Answer color
Morty Smith from Rick and Morty (2013) uses #FFF86D for T-Shirt in this Toon Tone prompt. RGB is 255, 248, 109; HSB is 57°, 57%, 100%; HSL is 57°, 100%, 71%.
- HEX
- #FFF86D
- RGB
- 255, 248, 109
- HSB
- 57°, 57%, 100%
- Target part
- T-Shirt
Study Morty Smith's T-Shirt color in Toon Tone: #FFF86D, RGB 255, 248, 109, HSB 57°, 57%, 100%, and common wrong guesses.
Morty Smith from Rick and Morty (2013) uses #FFF86D for T-Shirt in this Toon Tone prompt. RGB is 255, 248, 109; HSB is 57°, 57%, 100%; HSL is 57°, 100%, 71%.
#FFF86D
57°, 100%, 71%
Hue leans warmer than the stored answer.
Hue leans cooler than the stored answer.
Saturation drops below the answer.
Brightness climbs past the target.
Brightness falls under the target.
This is a yellow family color with HSB 57°, 57%, 100%. It has mid saturation, so players usually miss by nudging intensity too far; it also has a bright value, so dark guesses are the common miss.
The stored answer is useful because it turns a remembered animation color into measurable values.
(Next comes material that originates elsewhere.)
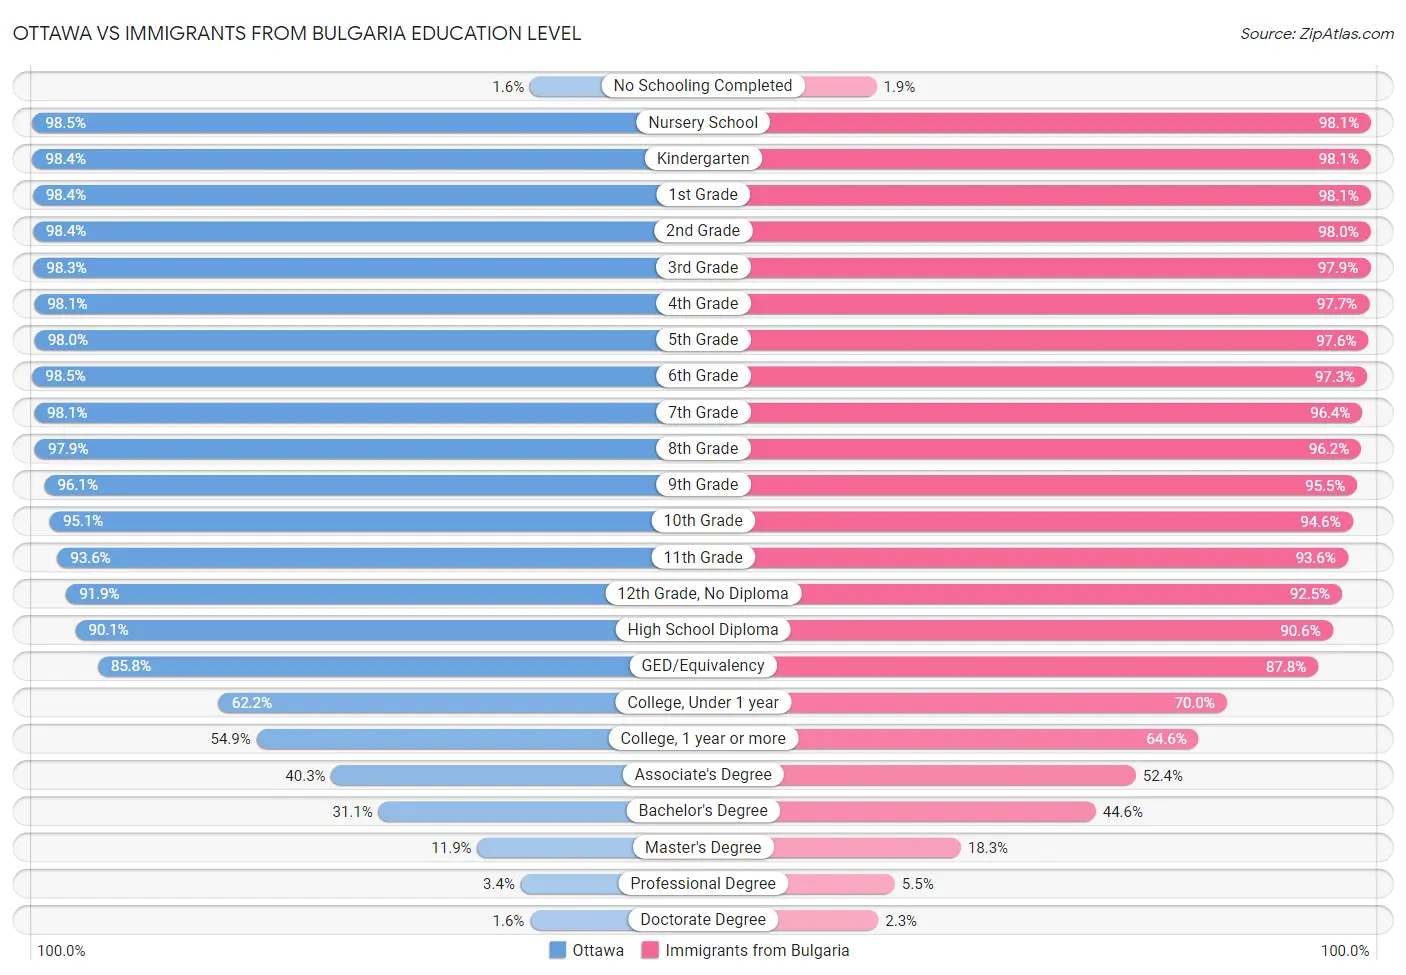 Ottawa vs Immigrants from Bulgaria Education Level

In play, you only need to match the visible target part, but this page exposes the underlying color model for study.
Read the values as player advice, not just technical trivia. HSB 57°, 57%, 100% tells you the order of decisions: land in the yellow family, decide how strong the color should feel, then set the lightness. RGB 255, 248, 109 is useful for exact reproduction, but HSB is usually better while you are actively guessing.
Start by naming the broad family: yellow. Move hue until the live recolor lands in that family, then decide whether the prompt looks too pale, too intense, too bright, or too shadowed.
For Morty Smith, the important cue is T-Shirt rather than the full character palette. Keeping the target narrow helps your memory choose one answer instead of averaging several colors from the design.
Before you move a slider, say the remembered color in a sentence: "Morty Smith T-Shirt is a yellow color that feels ..." Then fill in vivid, dusty, bright, dark, soft, or neutral. That sentence gives your first guess a direction and makes the result card easier to learn from.
Use this Morty Smith page after a run, not during one. The useful loop is to guess first, read the reveal, then open the study page for a color that surprised you. That keeps Toon Tone a memory game while still giving you a concrete way to improve.
For a second pass, compare Morty Smith with related characters below. Colors in the same family can still have very different slider behavior: a loud yellow, a dusty yellow, and a nearly neutral gray-yellow are not interchangeable once scoring starts.